This dissertation is focussing on students’ experiences of assessments, which means that the assessments are related to studying. The assessments particularly investigated are the main types of assessments used in the application and selection for higher education in Sweden – the grading in schools on secondary level, and the Swedish Scholastic Aptitude Test (SweSAT).
The literature review is an analysis of previous knowledge, resulting in a model of orientations to studying.
The empirical investigation consists of interviews with 100 students in upper secondary school, municipal adult education and folk high schools. The interviews are analysed with a phenomenographic approach, and the analysis results in categories describing ways of experiencing what it means to study, ways of experiencing the grades, and the SweSAT. In addition to this, the analysis gives a description of relations between components within categories, relations between categories, and relations between phenomena.
The main patterns in the students’ experiences of the assessments are the following: The different categories, describing the experiences of the assessments per se, are focussing on assessment of performance, assessment of personal qualities (including developed knowledge), or uncertainty in relation to the assessment. There are four main aspects of the students’ experiences of the value of assessments, i.e., the relation to future plans, the relation to the student’s personal context, the possibility to influence your result, and the relation to other assessments used in the selection.
The final result of the empirical investigation is a reconstructed model of five orientations to studying, where the empirical results are integrated with previous knowledge.
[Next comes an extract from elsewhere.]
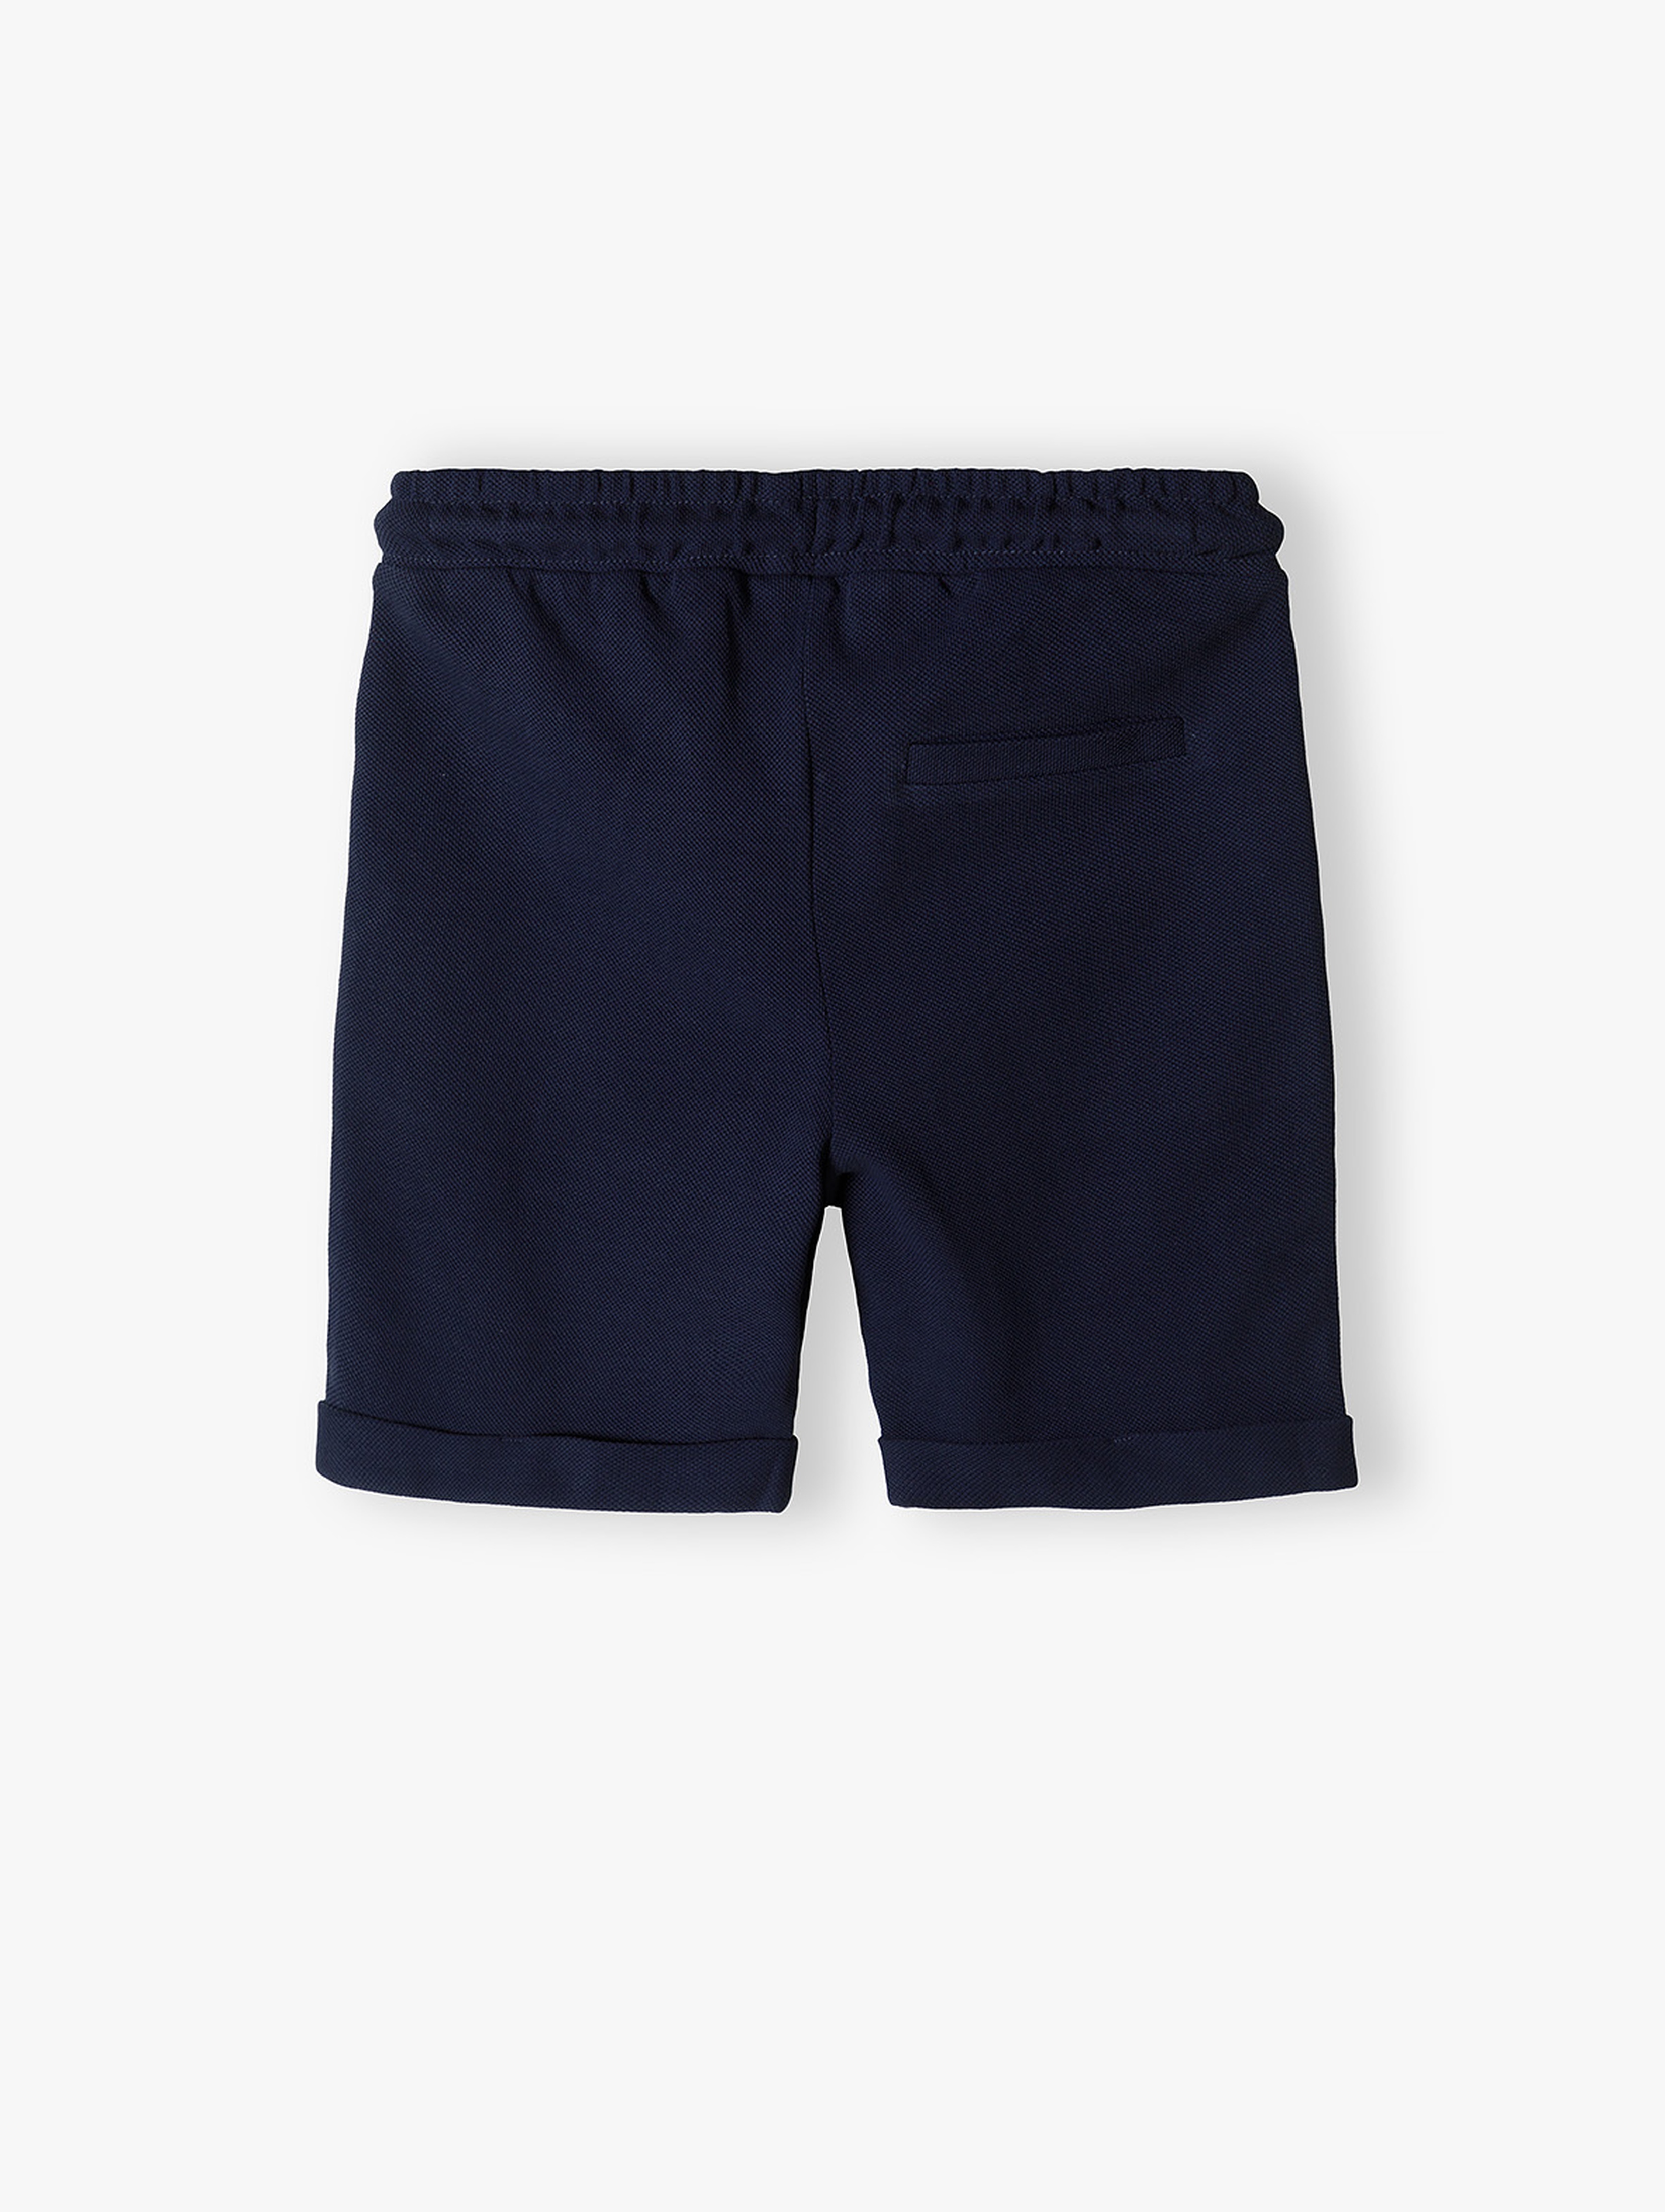 Granatowe spodnie na lato dla chłopca - Lincoln&Sharks

The five categories are the knowledge orientation, the duty orientation, the participation orientation, the qualification orientation, and the resistance orientation. These orientations are also described as adaptive and/or non-adaptive in relation to the demands of the education.
A further analysis in relation to three social science perspectives shows how assessments can contribute to the colonization of the educational lifeworld, how assessments can be seen as instruments of discipline, and how assessments can be seen as disembedding mechanisms.